In some example implementations the treatment fluid includes an STS also having a relatively low leakoff rate. For example, the total leakoff coefficient may be about 3×10⁻⁴ m/min^1/2 (10⁻³ ft/min^1/2) or less, or about 3×10⁻⁵ m/min^1/2 (10⁻⁴ ft/min^1/2) or less. As used herein, Vspurt and the total leak-off coefficient Cw are determined by following the static fluid loss test and procedures set forth in Section 8-8.1, “Fluid loss under static conditions,” in Reservoir Stimulation, 3^rd Edition, Schlumberger, John Wiley & Sons, Ltd., pp. 8-23 to 8-24, 2000, in a filter-press cell using ceramic disks (FANN filter disks, part number 210538) saturated with 2% KCl solution and covered with filter paper and test conditions of ambient temperature (25° C.), a differential pressure of 3.45 MPa (500 psi), 100 ml sample loading, and a loss collection period of 60 minutes, or an equivalent testing procedure. In some example implementations of the current application, the treatment fluid has a fluid loss value of less than 10 g in 30 min when tested on a core sample with 1000 mD porosity. In some example implementations of the current application, the treatment fluid has a fluid loss value of less than 8 g in 30 min when tested on a core sample with 1000 mD porosity. In some example implementations of the current application, the treatment fluid has a fluid loss value of less than 6 g in 30 min when tested on a core sample with 1000 mD porosity. In some example implementations of the current application, the treatment fluid has a fluid loss value of less than 2 g in 30 min when tested on a core sample with 1000 mD porosity.

The unique low to no fluid loss property allows the treatment fluid to be pumped at a low rate or pumping stopped (static) with a low risk of screen out. In example implementations, the low fluid loss characteristic may be obtained by including a leak-off control agent, such as, for example, particulated loss control agents (In some example implementations less than 1 micron or 0.05-0.5 microns), graded PSD or multimodal particles, polymers, latex, fiber, etc. As used herein, the terms leak-off control agent, fluid loss control agent and similar refer to additives that inhibit fluid loss from the slurry into a permeable formation.

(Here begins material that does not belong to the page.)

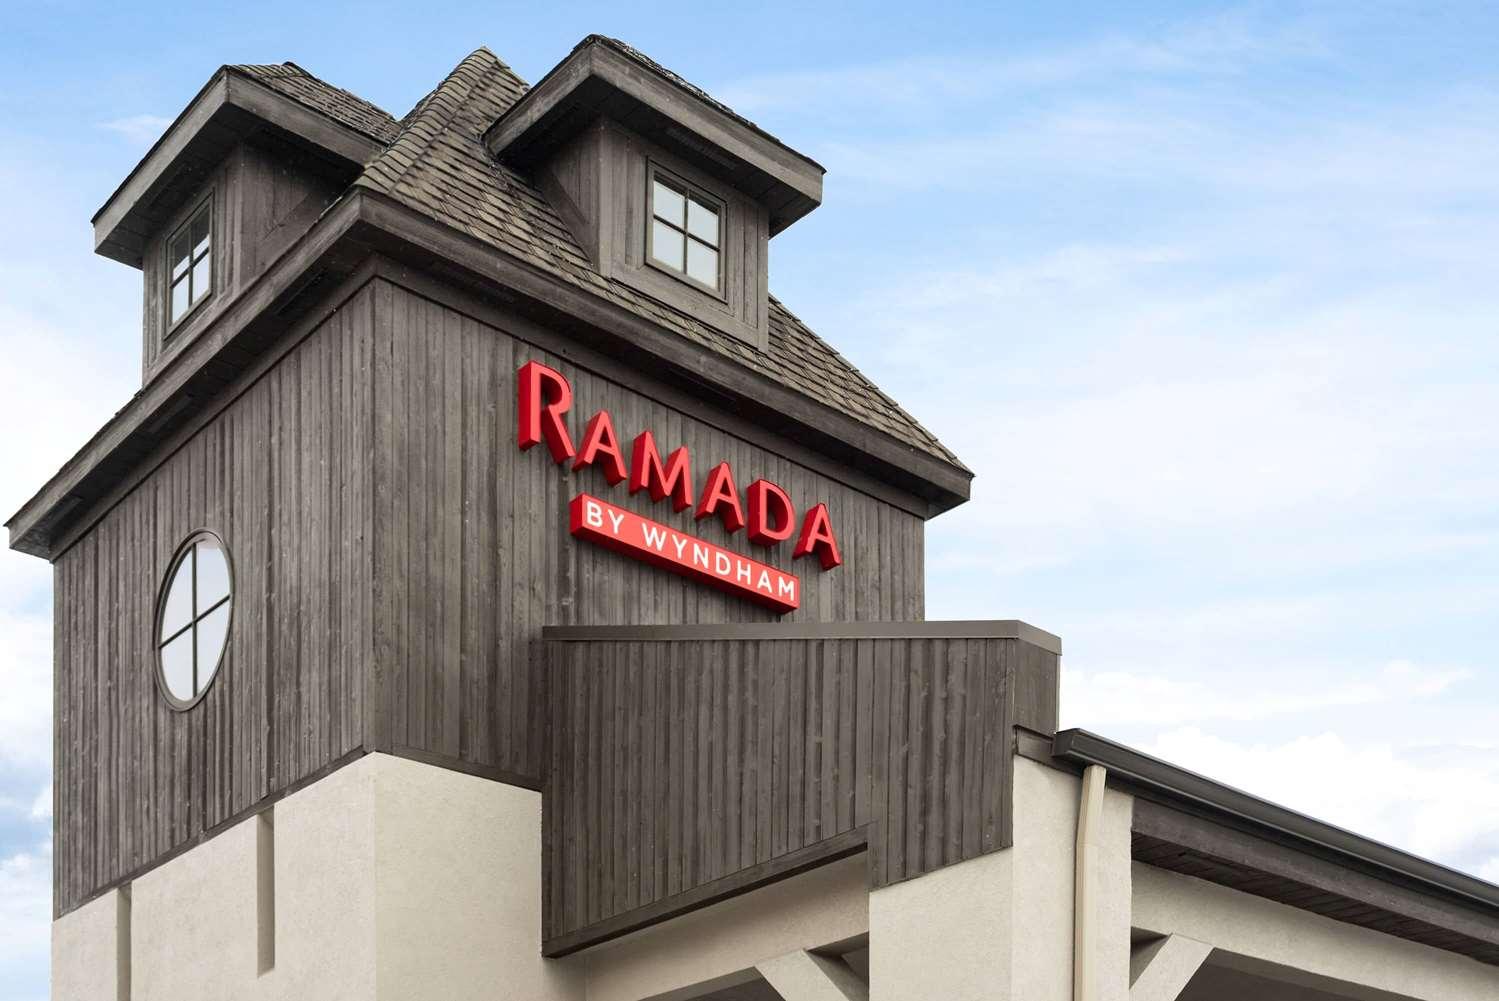 Ramada South Bend

As representative leakoff control agents, which may be used alone or in a multimodal fluid, there may be mentioned latex dispersions, water soluble polymers, submicron particulates, particulates with an aspect ratio higher than 1, or higher than 6, combinations thereof and the like, such as, for example, crosslinked polyvinyl alcohol microgel. The fluid loss agent may be, for example, a latex dispersion of polyvinylidene chloride, polyvinyl acetate, polystyrene-co-butadiene; a water soluble polymer such as hydroxyethylcellulose (HEC), guar, copolymers of polyacrylamide and their derivatives; particulate fluid loss control agents in the size range of 30 nm to 1 micron, such as γ-alumina, colloidal silica, CaCO₃, SiO₂, bentonite etc.; particulates with different shapes such as glass fibers, flakes, films; and any combination thereof or the like. Fluid loss agents may if desired also include or be used in combination with acrylamido-methyl-propane sulfonate polymer (AMPS). In example implementations, the leak-off control agent comprises a reactive solid, e.g., a hydrolysable material such as PGA, PLA or the like; or it may include a soluble or solubilizable material such as a wax, an oil-soluble resin, or another material soluble in hydrocarbons, or calcium carbonate or another material soluble at low pH; and so on. In example implementations, the leak-off control agent comprises a reactive solid selected from ground quartz, oil soluble resin, degradable rock salt, clay, zeolite or the like. In other implementations, the leak-off control agent comprises one or more of magnesium hydroxide, magnesium carbonate, magnesium calcium carbonate, calcium carbonate, aluminum hydroxide, calcium oxalate, calcium phosphate, aluminum metaphosphate, sodium zinc potassium polyphosphate glass, and sodium calcium magnesium polyphosphate glass, or the like.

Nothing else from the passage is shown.